Arkansas historytellers

Project putting state heritage online, one person at a time

Scott Lunsford, associate director of the Pryor Center, reviews a recent interview he conducted with David Lambert, an Arkansas native who founded a public affairs consulting firm in Washington.
Scott Lunsford, associate director of the Pryor Center, reviews a recent interview he conducted with David Lambert, an Arkansas native who founded a public affairs consulting firm in Washington.

— The whole history of epistemology - that is, the history of everything we know - has witnessed two monster paradigm shifts: the first, the mass production of books; the second, the mass production of bytes.

In 1999, well into the second paradigm shift, Washington Post columnist Joel Achenbach asked, Is anyone getting any wiser?

In a piece called “The Too-Much-Information Age,” he wrote that in 1472 the library at Queens College in Cambridge, England, had exactly 199 books.

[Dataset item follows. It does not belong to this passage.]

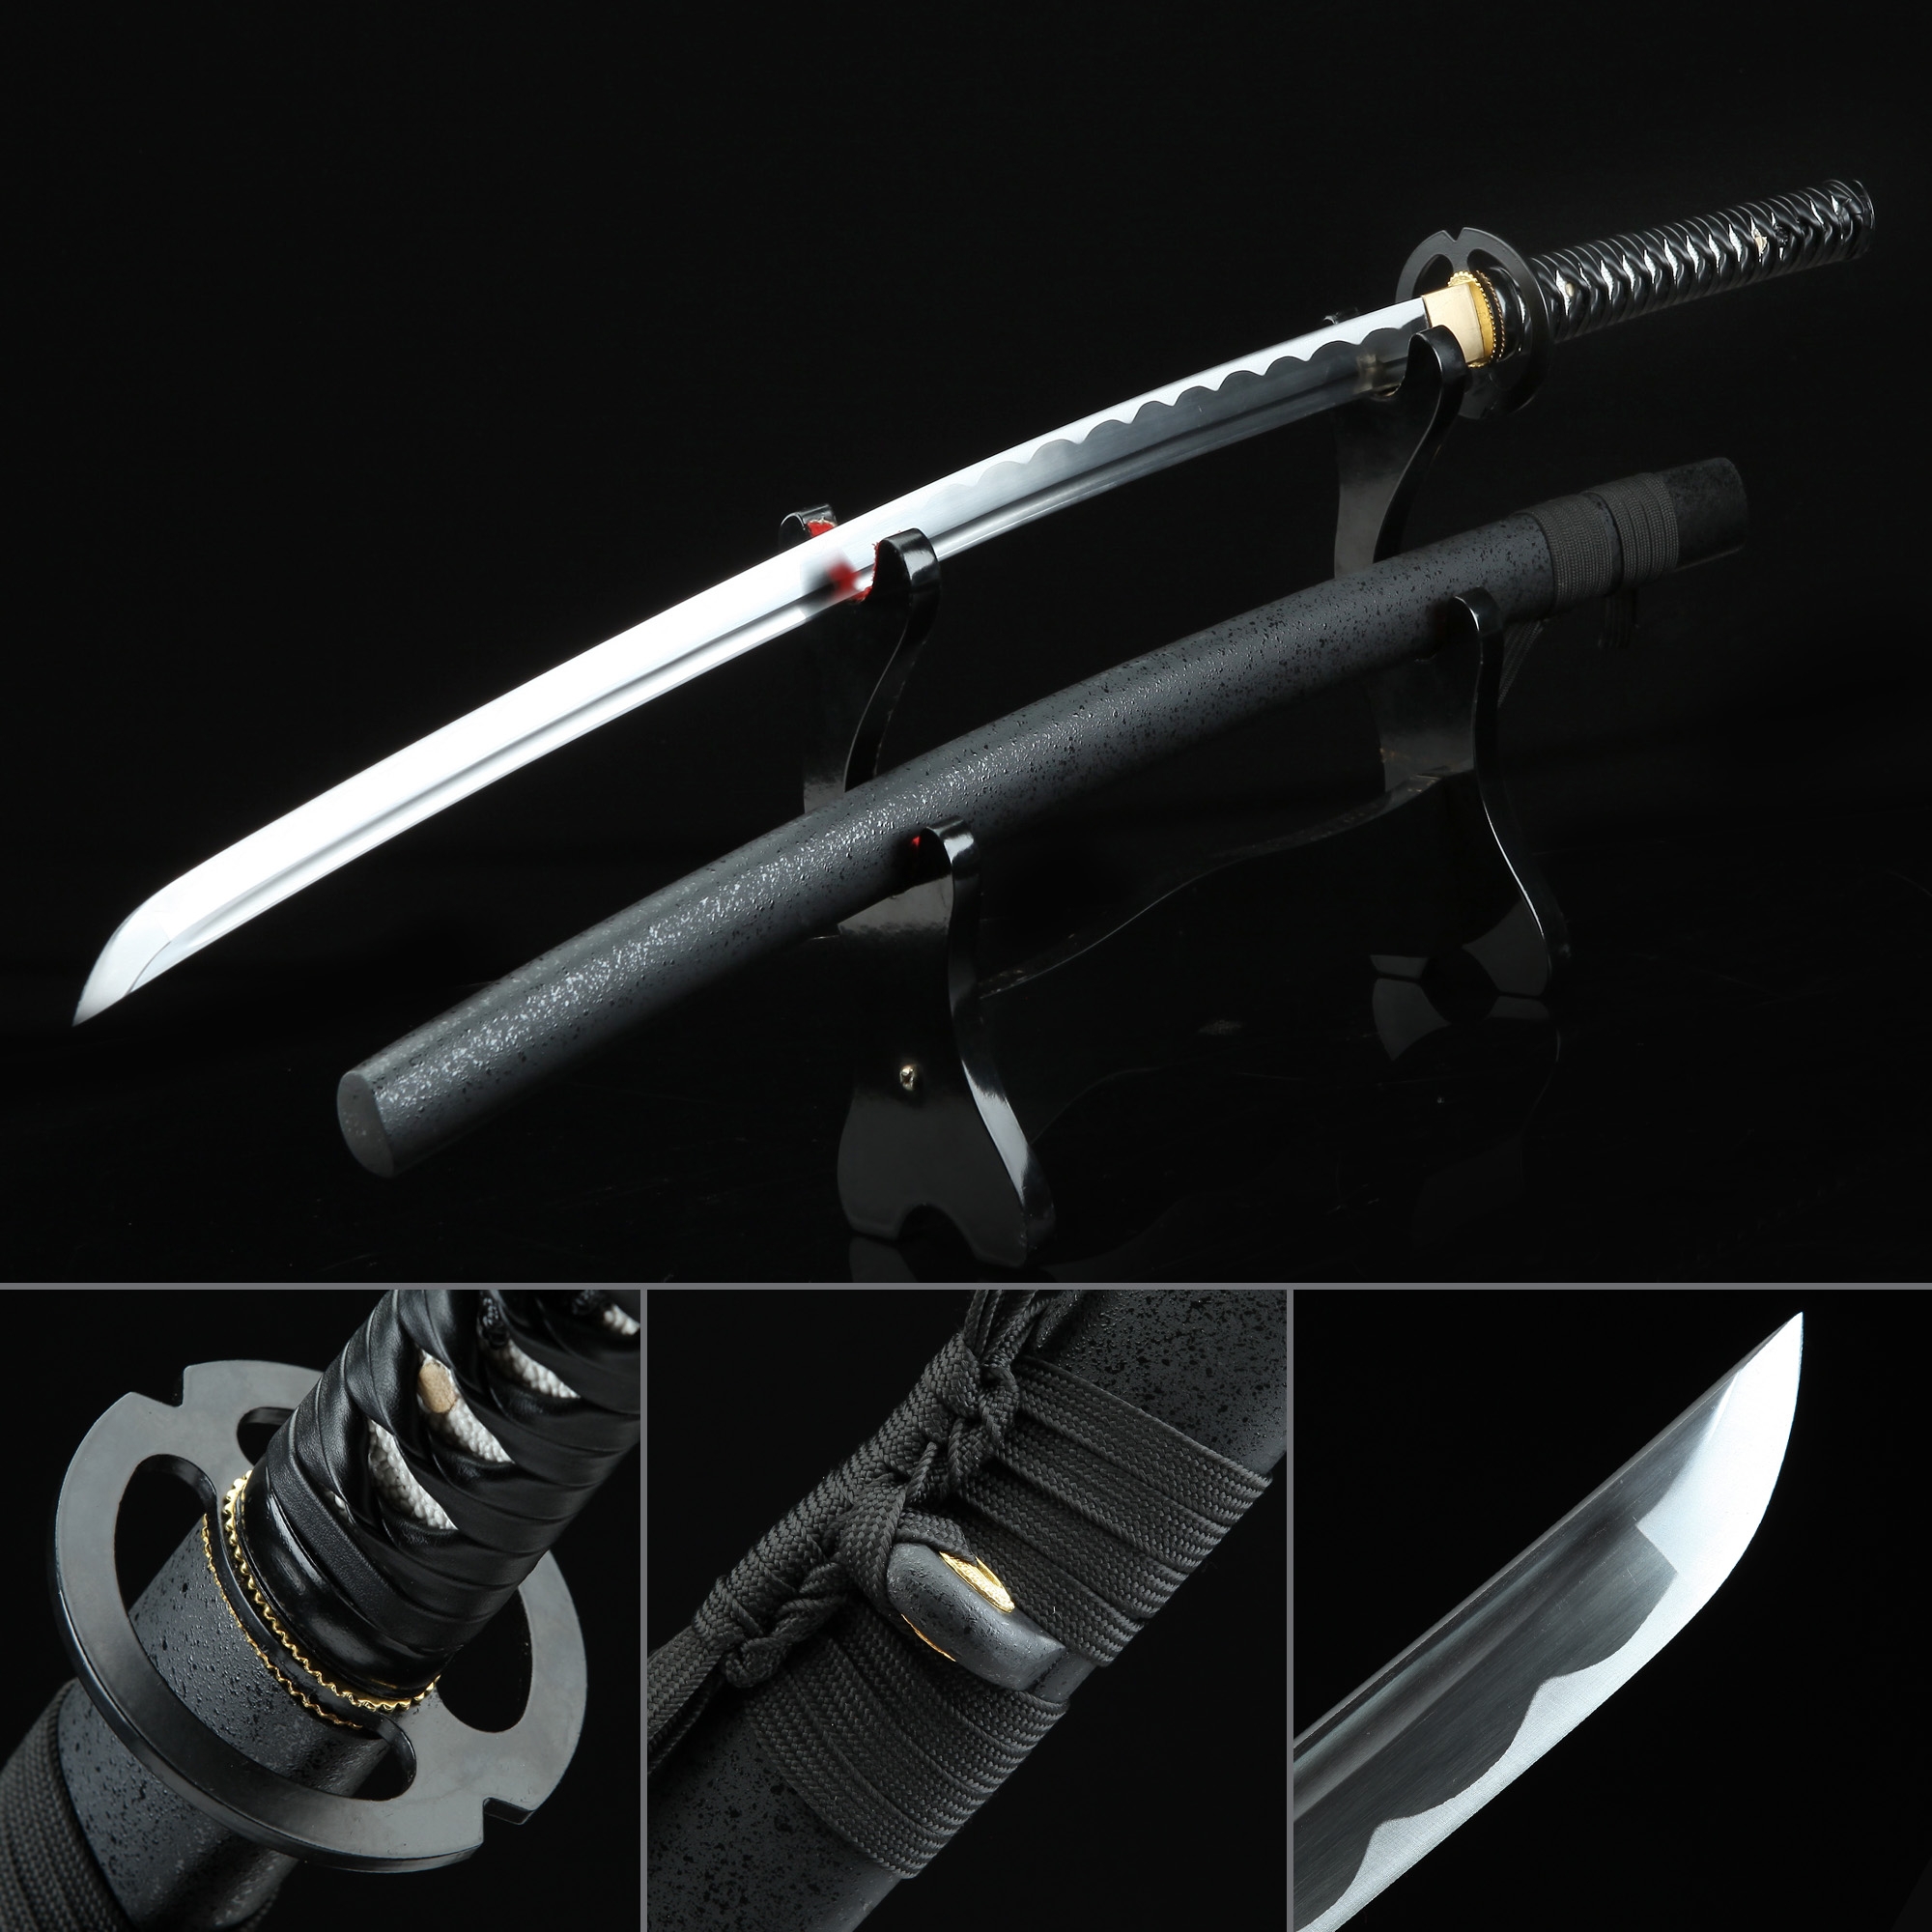 Real katana sword - molitool

It’s reasonable to think a few people in that college town probably had read everything in the world. At least, their world. The Western World.

Today it would be a surprise indeed if anyone had read the entire contents of the library in Reading, Pa., or Booker, Texas.

In Arkansas, just in the last decade, historians and philanthropists from every corner of the state have come together to create the Encyclopedia of Arkansas History and Culture, a searchable website that went online in 2006 with 700 subject entries and has become the single grandest, most popular source of our state’s history ever, standing in at 3,000 entries composed of 2 million words that, if it were a book, would sit a stout 4,000-book-length pages excluding images and graphics.

Meanwhile, at the University of Arkansas at Fayetteville, another smart set chips away at a very different electronic index of Arkansas history, one still more ambitious than an encyclopedia.

HIS STORY AND HERS

The David and Barbara Pryor Center for Oral and Visual History actually predates the encyclopedia by several years. It began in 1999 when the former governor and U.S. senator bequeathed his leftover campaign war chest - $220,000 - to the university for the project. The first interview was recorded by history professor Jeannie Whayne with a cassette tape recorder.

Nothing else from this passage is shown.